4/10/2010 9:22:15 PM

Religion and Science

By Albert Einstein

(The following article by Albert Einstein appeared in the New York Times Magazine on November 9, 1930 pp 1-4. It has been reprinted in Ideas and Opinions, Crown Publishers, Inc. 1954, pp 36 - 40. It also appears in Einstein's book The World as I See It, Philosophical Library, New York, 1949, pp. 24 - 28.)

Everything that the human race has done and thought is concerned with the satisfaction of deeply felt needs and the assuagement of pain. One has to keep this constantly in mind if one wishes to understand spiritual movements and their development. Feeling and longing are the motive force behind all human endeavor and human creation, in however exalted a guise the latter may present themselves to us. Now what are the feelings and needs that have led men to religious thought and belief in the widest sense of the words? A little consideration will suffice to show us that the most varying emotions preside over the birth of religious thought and experience. With primitive man it is above all fear that evokes religious notions - fear of hunger, wild beasts, sickness, death. Since at this stage of existence understanding of causal connections is usually poorly developed, the human mind creates illusory beings more or less analogous to itself on whose wills and actions these fearful happenings depend. Thus one tries to secure the favor of these beings by carrying out actions and offering sacrifices which, according to the tradition handed down from generation to generation, propitiate them or make them well disposed toward a mortal. In this sense I am speaking of a religion of fear. This, though not created, is in an important degree stabilized by the formation of a special priestly caste which sets itself up as a mediator between the people and the beings they fear, and erects a hegemony on this basis. In many cases a leader or ruler or a privileged class whose position rests on other factors combines priestly functions with its secular authority in order to make the latter more secure; or the political rulers and the priestly caste make common cause in their own interests.

The social impulses are another source of the crystallization of religion. Fathers and mothers and the leaders of larger human communities are mortal and fallible. The desire for guidance, love, and support prompts men to form the social or moral conception of God. This is the God of Providence, who protects, disposes, rewards, and punishes; the God who, according to the limits of the believer's outlook, loves and cherishes the life of the tribe or of the human race, or even or life itself; the comforter in sorrow and unsatisfied longing; he who preserves the souls of the dead. This is the social or moral conception of God.
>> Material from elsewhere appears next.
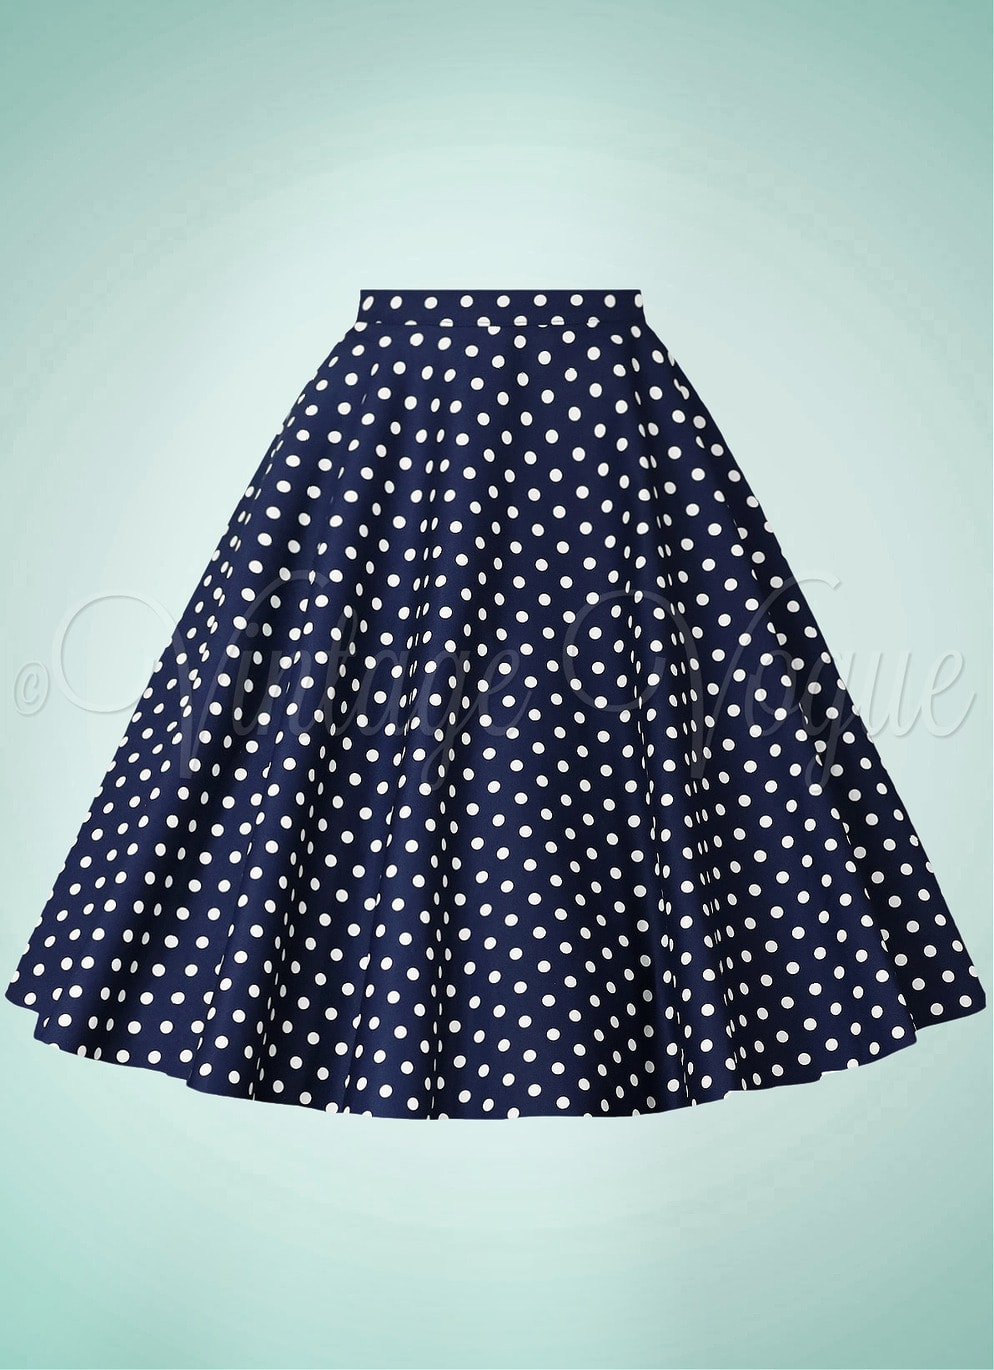 Banned 50er Jahre Retro Vintage Rockabilly High Waist Polka Dots Punkte Tellerrock Dot Days Skirt in Blau Navy Dunkelblau weiß gepunktet SK25567

The Jewish scriptures admirably illustrate the development from the religion of fear to moral religion, a development continued in the New Testament. The religions of all civilized peoples, especially the peoples of the Orient, are primarily moral religions. The development from a religion of fear to moral religion is a great step in peoples' lives. And yet, that primitive religions are based entirely on fear and the religions of civilized peoples purely on morality is a prejudice against which we must be on our guard. The truth is that all religions are a varying blend of both types, with this differentiation: that on the higher levels of social life the religion of morality predominates.

Common to all these types is the anthropomorphic character of their conception of God. In general, only individuals of exceptional endowments, and exceptionally high-minded communities, rise to any considerable extent above this level. But there is a third stage of religious experience which belongs to all of them, even though it is rarely found in a pure form: I shall call it cosmic religious feeling. It is very difficult to elucidate this feeling to anyone who is entirely without it, especially as there is no anthropomorphic conception of God corresponding to it.

The individual feels the futility of human desires and aims and the sublimity and marvelous order which reveal themselves both in nature and in the world of thought. Individual existence impresses him as a sort of prison and he wants to experience the universe as a single significant whole. The beginnings of cosmic religious feeling already appear at an early stage of development, e.g., in many of the Psalms of David and in some of the Prophets. Buddhism, as we have learned especially from the wonderful writings of Schopenhauer, contains a much stronger element of this.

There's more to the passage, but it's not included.